Merges concurrent employment periods (multiple jobs held at the same time). Identifies overlapping employment using the over_id column from vecshift processing and consolidates them into single periods with aggregated attributes.

Usage

consolidate_overlapping(data, variable_handling = "weight", engine = "v2")

Arguments

data

A data.table containing employment periods processed by vecshift, with columns: cf (person ID), inizio (start date), fine (end date), durata (duration), over_id (overlapping period identifier), and optionally arco (employment indicator).

variable_handling

Character string specifying aggregation strategy for variables: "weight" uses weighted mean/mode (default), "first" takes first non-NA value

engine

Character string specifying the consolidation engine: "v2" (default) uses the collapse-native engine for maximum performance, "v1" uses the original data.table J-expression engine for backward compatibility.

Value

A data.table with consolidated employment periods, where:

  • Periods with the same over_id > 0 are merged into single periods

  • inizio is the earliest start date in the group

  • fine is the latest end date in the group

  • durata is recalculated as fine - inizio + 1

  • n_periods_consolidated indicates how many periods were merged

  • Qualitative variables use weighted mode (most frequent by duration)

  • Quantitative variables use weighted mean

  • Original column types are preserved

Details

This function is designed for employment data where concurrent jobs are identified by vecshift's over_id column.
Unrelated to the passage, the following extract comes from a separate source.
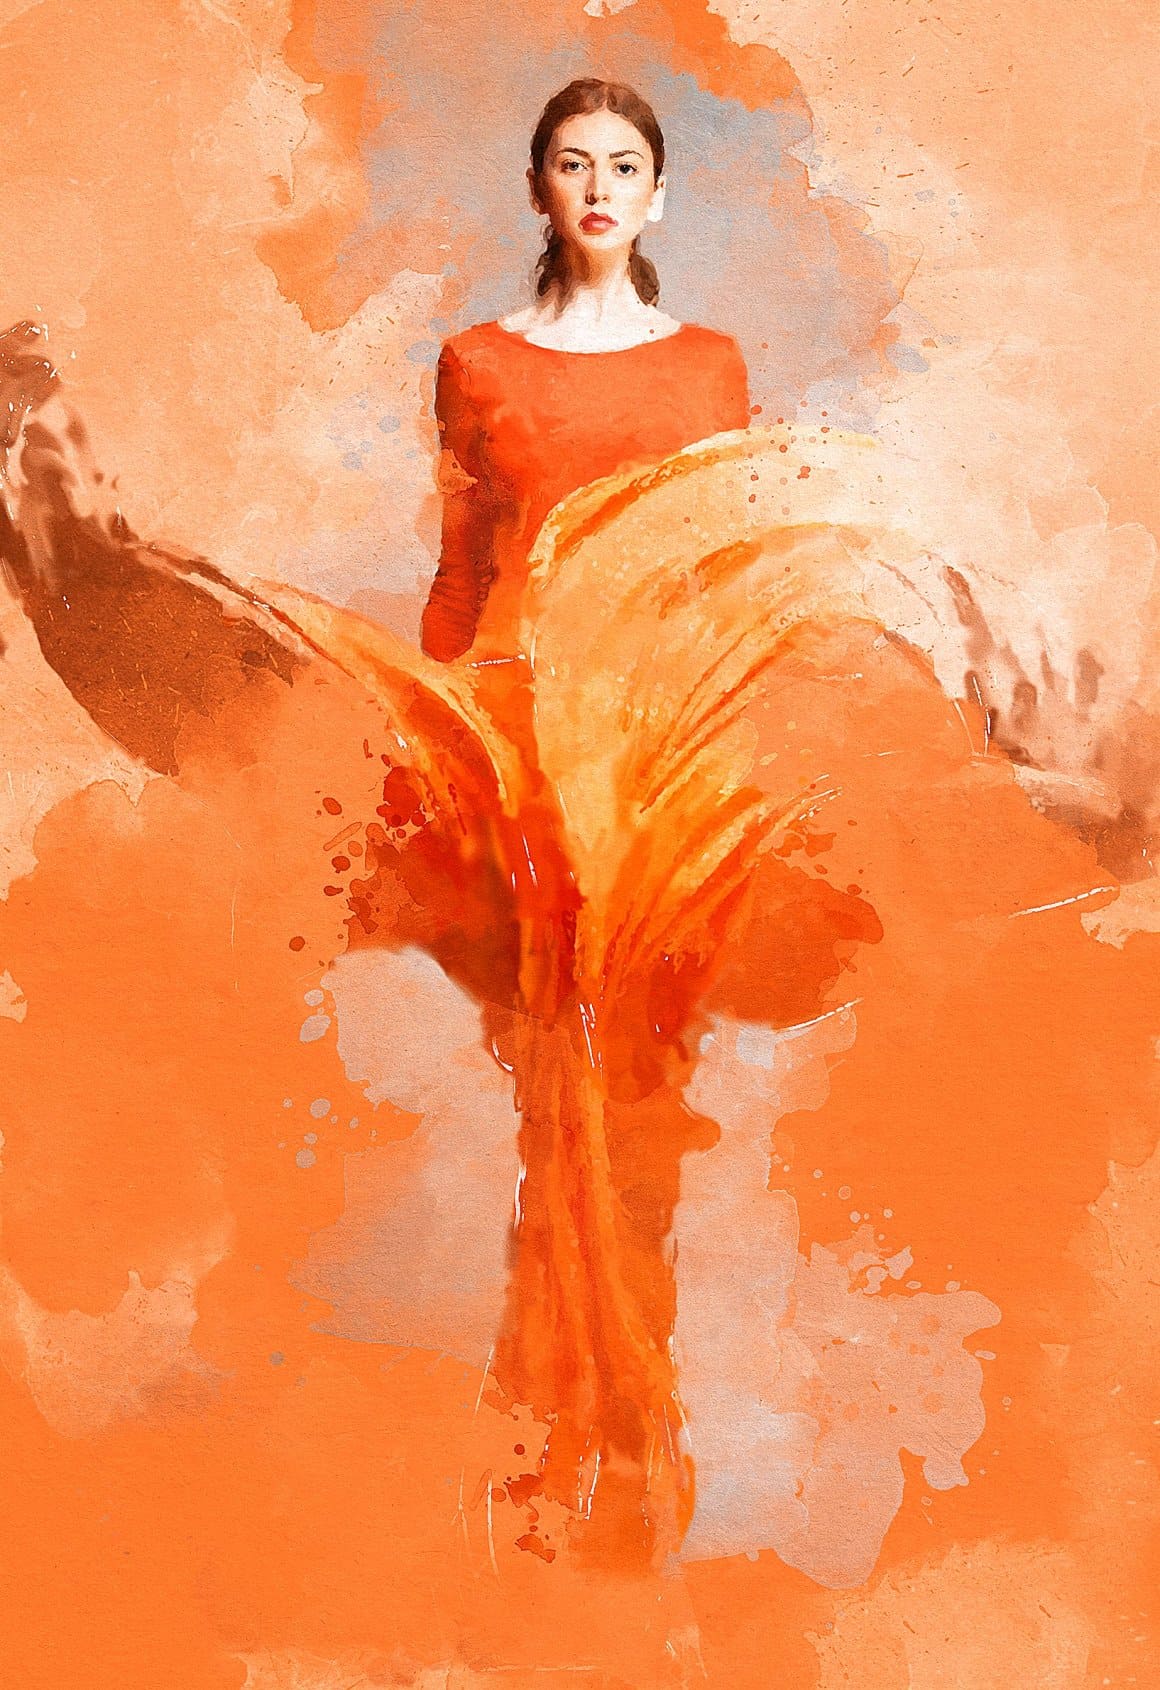 The portrait of a girl in an orange dress has been modified in Photoshop.
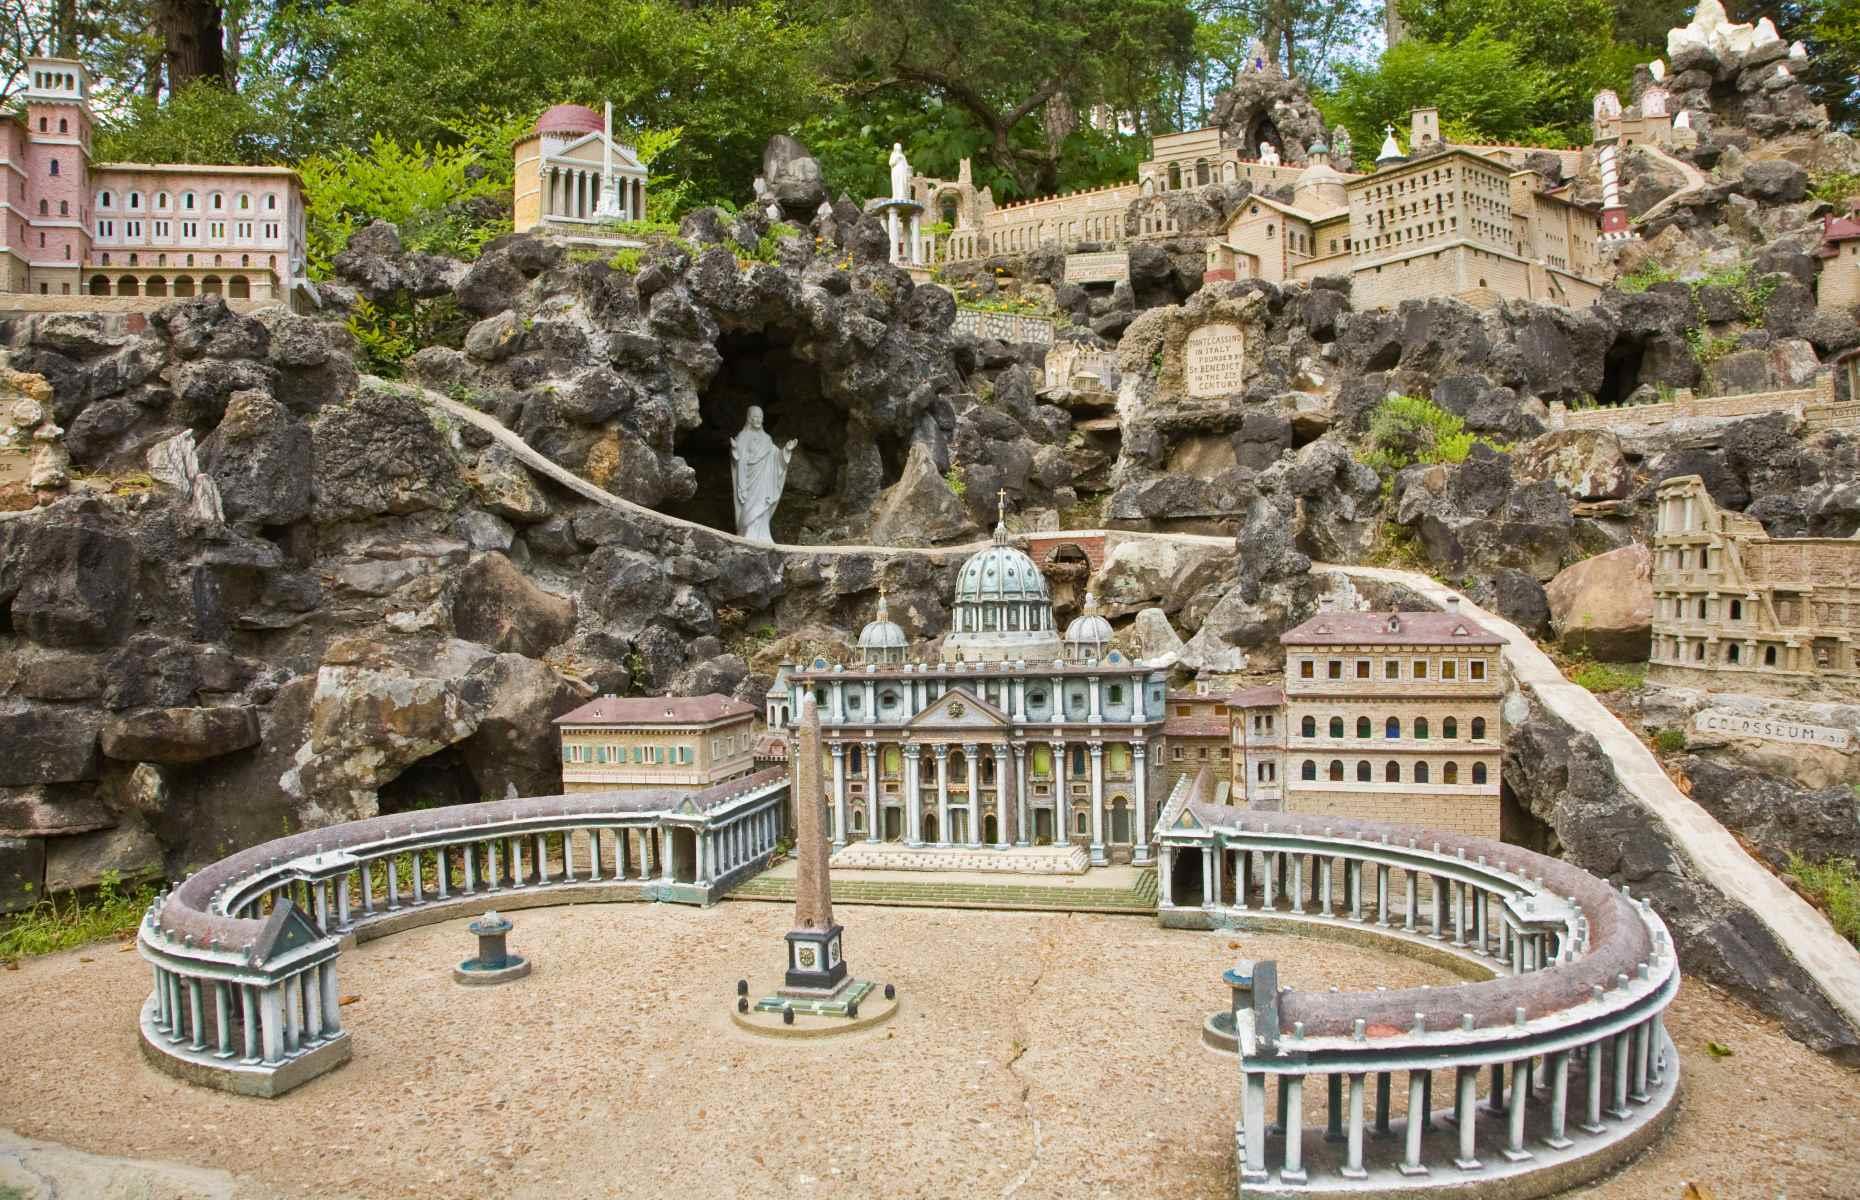 <p>To describe the Ave Maria Grotto as intricate would be an understatement. To describe its creator, Benedictine monk Brother Joseph Zoett, as dedicated would be even more so.</p>  <p>The park in Cullman, which opened in 1934, has 125 stone and cement structures depicting biblical passages, shrines, and miniature replicas of famous religious buildings including St Peter's Basilica and Lourdes Basilica Church.</p>

All periods sharing the same cf and over_id > 0 are considered overlapping and consolidated.

Consolidation rules:

  • Employment periods with over_id > 0: grouped by cf and over_id

  • Other periods (unemployment, single jobs): kept as-is (unique group per record)

  • If arco column is missing, it's created (1 when over_id > 0, 0 otherwise)

Aggregation by column type:

  • Dates (inizio, fine): min/max across group

  • Duration (durata): recomputed as fine - inizio + 1

  • Numeric/Integer: weighted mean (preserves integer type)

  • Character/Factor: weighted mode (sum durations by value, pick max)

  • Logical: majority rule (mean >= 0.5)

Special columns:

  • arco: maximum value in group

  • over_id: first non-zero value (or first if all zero)

  • stato: preferentially selects employment states when arco > 0

Performance:

This function is fully vectorized and optimized for performance:

  • Handles 10M+ employment records efficiently

  • 9x faster than previous consolidation implementations (Phase 3)

  • Phase 4 optimization: 1.2-3x additional speedup via single-period worker bypass

  • Memory efficient: < 1x input data size

  • Base throughput: ~41,000 records/second (Phase 3)

  • Optimized throughput: ~50,000-120,000 records/second (Phase 4, dataset dependent)

Phase 4 automatically skips consolidation for single-period workers with over_id == 0 (no overlapping possible). Performance scales with percentage of such workers.

Composability:

Designed to be the first step in a consolidation chain. After merging concurrent employment, you typically want to merge adjacent periods and optionally bridge short gaps:


data |>
  consolidate_overlapping() |>  # Step 1: Merge concurrent jobs
  consolidate_adjacent() |>     # Step 2: Merge touching periods
  consolidate_short_gaps(30)    # Step 3: Bridge short gaps

See also

consolidate_adjacent to merge touching employment periods consolidate_by_employer to merge same-employer periods consolidate_short_gaps to bridge short unemployment gaps

Examples

if (FALSE) { # \dontrun{
# Load sample data
data <- readRDS("data/sample.rds")

# Consolidate overlapping employment periods
consolidated <- consolidate_overlapping(data)

# Check consolidation results
cat("Original records:", nrow(data), "\n")
cat("After consolidation:", nrow(consolidated), "\n")
cat("Periods consolidated:",
    sum(consolidated$n_periods_consolidated > 1, na.rm = TRUE), "\n")

# View a person with overlapping employment
person_data <- data[cf == 165 & over_id > 0]
person_consolidated <- consolidate_overlapping(person_data)

# Chain with other consolidation functions
fully_consolidated <- data |>
  consolidate_overlapping() |>
  consolidate_adjacent()

# Integration with analyze_employment_transitions()
# Pre-consolidate data before transition analysis
consolidated <- consolidate_overlapping(data)
transitions <- analyze_employment_transitions(consolidated)

# Performance with large datasets
large_data <- readRDS("data/large_sample.rds")  # 500K records
system.time({
  result <- consolidate_overlapping(large_data)
})  # Completes in seconds, not minutes
} # }